No matter how appealing the concept may be, a lousy or dangerous deal is NEVER WORTH DOING in the long run. The potential emotional and mental damage is often less harmful than monetary loss. If you’re ever presented with a terrible bargain, say “No,” as one former first lady said.
Some seasoned investors have a knack for spotting promising projects and can stay clear of sticky situations. Some people specialize in one type of transaction and utilize a general “rule of thumb” to estimate their potential loss or gain.
However, a “calculator” or computer software that can factor in all the relevant factors and
1) Determine the precise profit and cash flow of any transaction.
2) Assess the potential monetary loss associated with the deal.
3. Determine what constitutes a fair deal based on tried and true methods
4) Offers potential solutions to the problems
As investors, we have looked into various real estate courses and software, but none has met our needs.

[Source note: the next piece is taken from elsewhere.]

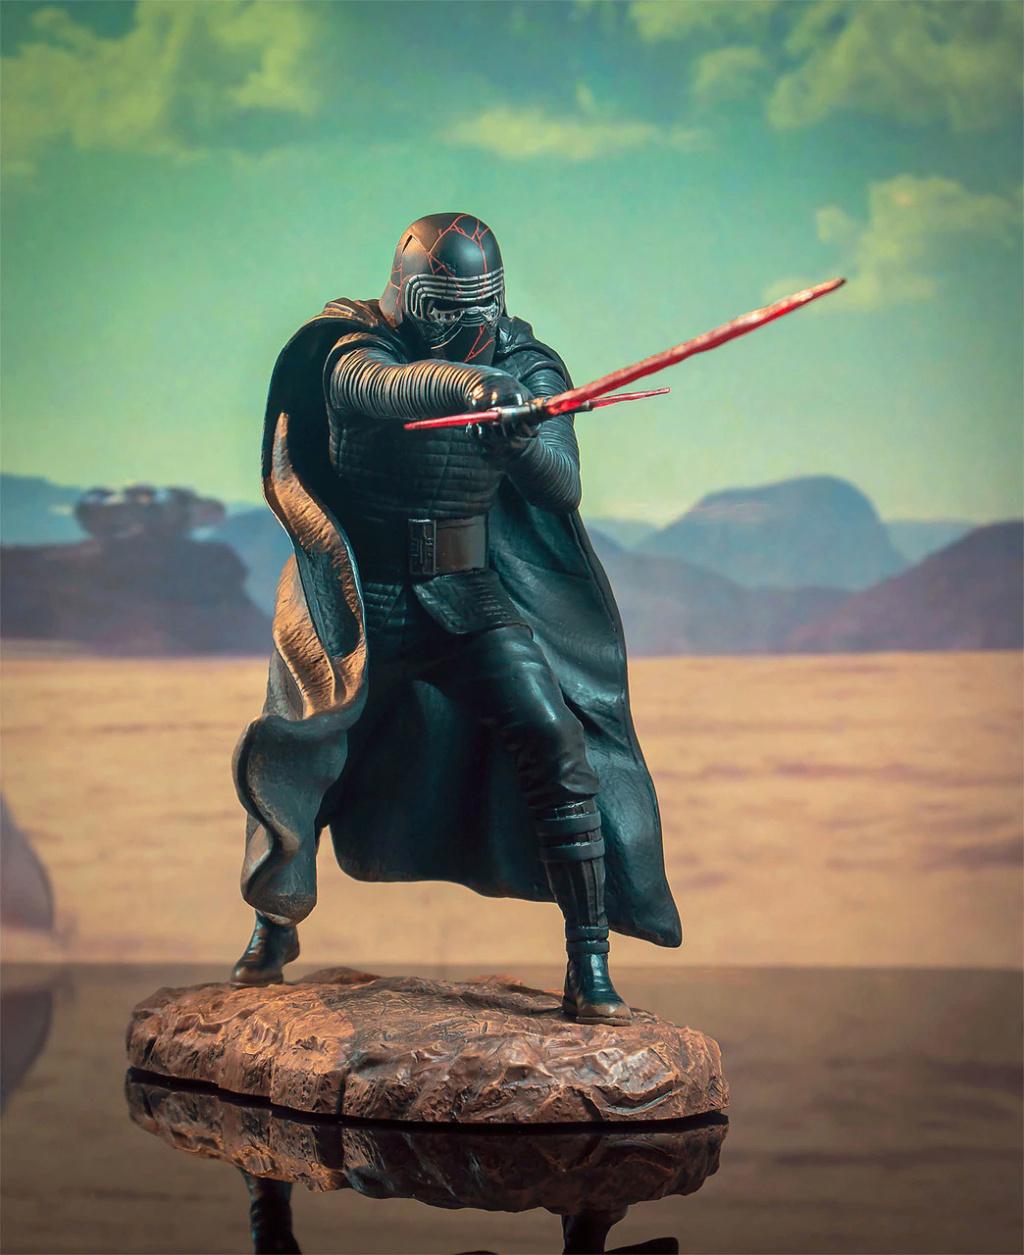 Kylo Ren Rise of Skywalker Premier Collection 1:7 Statue DST 02_lef10

That’s why we built our in-house Deal Analysis Software.
After months of testing and refinement, we have been using it for all our transactions, including short sales, subject-to-lease options, rehabs, wholesales, and even commercials.
It has helped us avoid real problems and negotiate more significant profit margins because we can test many “what-if” scenarios. There’s no way we’d “go on vacation” without it.
We placed it on our website since other investors expressed interest in testing it. We are thrilled to have a user base and users group that openly discusses the Deal Evaluation Tool and offers suggestions for improving it.
Their input has sped up the development of a product that is already extremely helpful. Simply put, nothing else compares to it. We’ve also made available a demo for interested investors to try out. And we do training sessions for first-timers.
There will be more consistent high-profit real estate deals now that we have all the statistics and have evaluated our risks with the Deal Evaluation Tool.
Richard Odessey and his wife, Michelle, run the go-to online resource for becoming a successful real estate investor: http://www.InvestorWealth.com. The nation’s foremost real estate investors often host free teleseminars, and you can access helpful resources like their Deal Evaluation tool to help you get the most out of your real estate investments. In addition, interested parties can participate in one of four to eight online training seminars where professionals provide individual guidance. Richard and Michelle are experienced investors who have taught and mentored others for over five years.